In an examination, the ratio of the number of candidates who passed, to those who failed was 5:2. If the mumber of failed candidates had been 14 more, then the ratio of the number of passed candidates to those who failed would have been 4 : 3. How many candidates passed the examination?
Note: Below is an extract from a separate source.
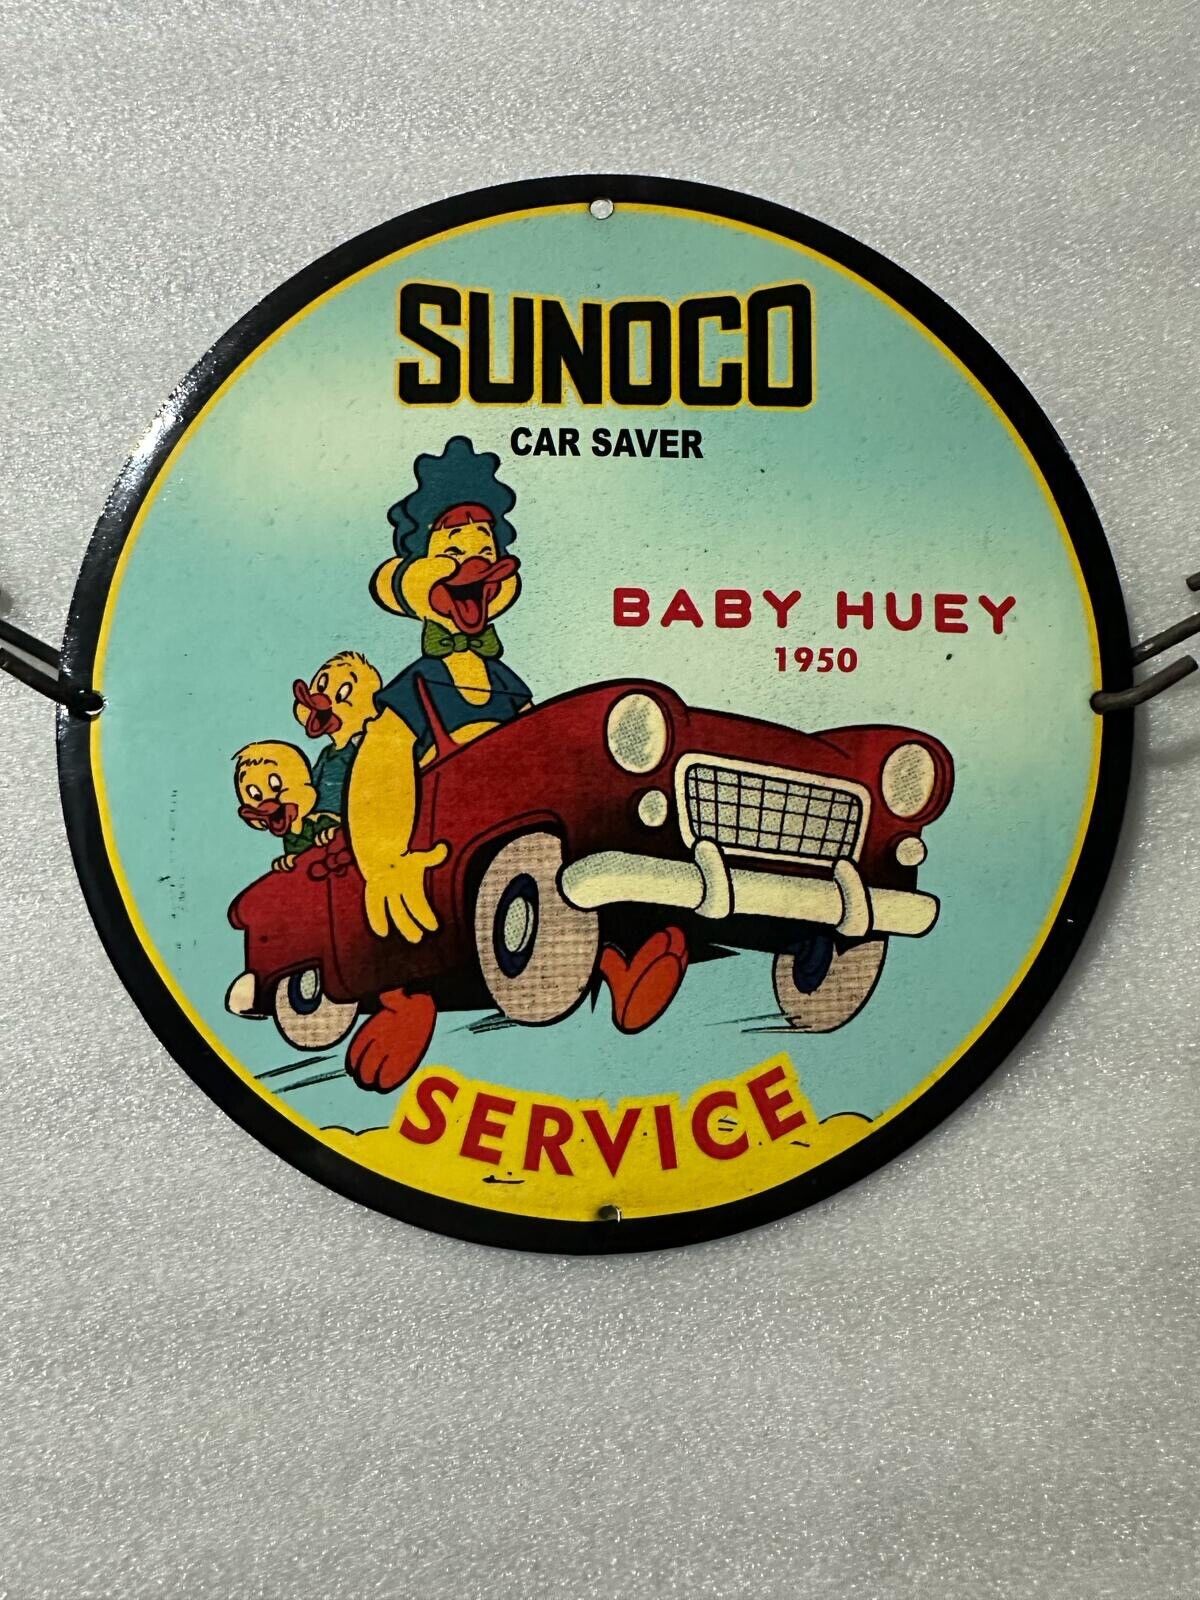 SUNOCO SERVICE BABY HUEY PORCELAIN ENAMEL GAS MOTOR OIL REPAIR PUMP PLATE SIGN

To solve the problem step by step, we will use algebraic expressions based on the information provided in the question. ### Step 1: Define Variables Let the number of candidates who passed the examination be \( P \) and the number of candidates who failed be \( F \). According to the problem, the ratio of passed to failed candidates is given as: \[ \frac{P}{F} = \frac{5}{2} \] This can be expressed in terms of a variable \( x \): \[ P = 5x \quad \text{and} \quad F = 2x \] **Hint:** Use variables to represent the quantities based on the given ratio. ### Step 2: Adjust the Number of Failed Candidates The problem states that if the number of failed candidates had been 14 more, the new ratio of passed to failed candidates would be: \[ \frac{P}{F + 14} = \frac{4}{3} \] Substituting the expressions for \( P \) and \( F \): \[ \frac{5x}{2x + 14} = \frac{4}{3} \] **Hint:** Set up the new ratio based on the change in the number of failed candidates. ### Step 3: Cross Multiply to Solve for \( x \) Cross-multiplying gives us: \[ 5x \cdot 3 = 4 \cdot (2x + 14) \] This simplifies to: \[ 15x = 8x + 56 \] **Hint:** Use cross-multiplication to eliminate the fractions. ### Step 4: Isolate \( x \) Now, isolate \( x \) by subtracting \( 8x \) from both sides: \[ 15x - 8x = 56 \] This simplifies to: \[ 7x = 56 \] Now, divide both sides by 7: \[ x = 8 \] **Hint:** Rearranging the equation helps to isolate the variable. ### Step 5: Calculate the Number of Passed Candidates Now that we have \( x \), we can find the number of candidates who passed: \[ P = 5x = 5 \cdot 8 = 40 \] **Hint:** Substitute back the value of \( x \) to find the required quantity. ### Conclusion The number of candidates who passed the examination is \( \boxed{40} \).